You can create something visual to keep you on track.
I saw someone draw a huge thermometer (somewhere on Pinterest), and color in a line every time they reached another thousand.
Personally, I stay motivated by breaking up my goals into smaller steps. Out of the $70,000 I still owe in loans (ouch), about $45,000 of them are private.
Instead of saying “Crap, I have $45,000 left,” I think “Awesome! $5,000 more and then I’m out of the 40s.”
This motivates me to put more toward my loans, because $5,000 is clearly much more attainable than $45,000.
This type of thinking is along the lines of the Snowball Method, even though I’m actually using the Avalanche Method.
DON’T PANIC! I will explain:
The Snowball Method is when you focus on the smallest loan you have. You pay the minimum payment on everything else, and funnel everything you’ve got plus a little more to the smallest loan.

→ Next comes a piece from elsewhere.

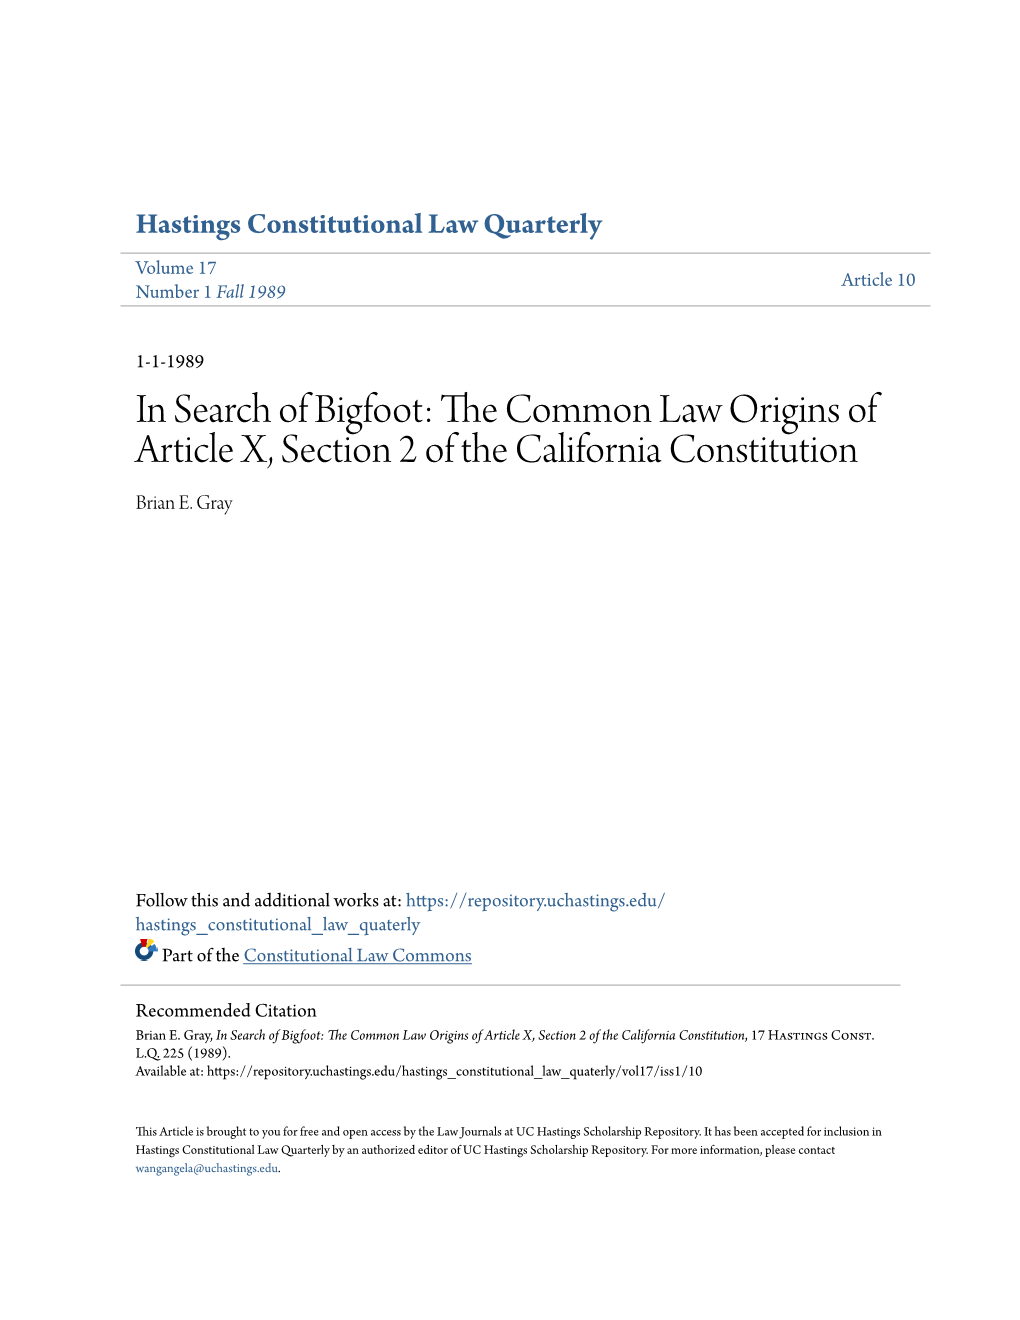 In Search of Bigfoot: the Ommonc Law Origins of Article X, Section 2 of the California Constitution Brian E

This is the first stage of your snowball.
Once this loan is paid off, you then take all the money you were funneling into the smallest loan, and use it on the next smallest loan (on top of this loan’s minimum payment).
This turns your tiny snowball into a respectable fist-sized snowball.
You keep going and going until you have enough to make a snowman (that is, until you’re funneling all your money into the largest loan) and then-
SNOWBALL FIGHT (which is code for PARTY because your loans have been paid in full)!
The Avalanche Method is when you focus on the loan with the highest interest rate. This loan, regardless of how big or small it is, will accrue more money the fastest.
You will, accordingly, want to nip it in the butt (while paying the minimum on everything else, of course).
And after you get rid of this pesky loan, you funnel everything to the next loan with the highest interest rate, and so on and so forth.
Since higher interest rates correspond to higher minimum payments, it will take the longest time to get rid of the first loan.
But like any good avalanche, it will build momentum, and crush the ensuing loans faster and faster.
Snowball vs. Avalanche
In a fight between a snowball and an avalanche, who do you think would win?
Ding ding ding.
In the financial world, the Avalanche Method is the better route to go as well. Since you’re first paying off the loans with higher interest rates, you will be paying less in the long run.
For those of you rooting for the underdog, don’t worry. Snowballs have their purpose, too.
Although the Avalanche Method is hands down financially smarter, the Snowball Method is more psychologically friendly.
Paying off smaller loans first means that you will pay off the first one fastest.
Getting this small win does WONDERS for motivation, and could be the key to keeping you on track to pay off student loans faster.
But why not get the best of both worlds?
As I alluded to before, my student loan repayment strategy is a mix.
My private loans have the highest interest rate, so I’m attacking them first.
But I’m breaking up this huge chunk of loans into smaller, tangible wins.
This way, the snowball keeps me motivated and the avalanche keeps me crushing debt as fast as possible.
So now I ask you:
Why not both?
Student loans suck.
Here’s the breakdown of my repayment strategy, which will hopefully make them suck less:
- Learn all the nitty, gritty details of your debt.
- Reduce (or pause) your payments by inquiring about an income-driven repayment plan, refinancing, and lowering your interest rates.
- Plan for your payments using Student Loan Hero and creating a separate bank account specifically for your loans.
- Use the grace period to start paying back loans, or to start saving up money for the first few payments after the grace period ends (depending on your situation).
- Pay more than the minimum monthly payment (for at least one of your loans).
- Make more money with side hustles.
- Save more money by living frugally.
- Stay motivated with a combination of the Avalanche and Snowball Methods.
If my repayment strategy allowed me to pay off $10,000 in just 6 months, on top of traveling through Europe, imagine what it can do for you.
Take my strategy, tweak it to your specific situation, and go pay off student loans faster!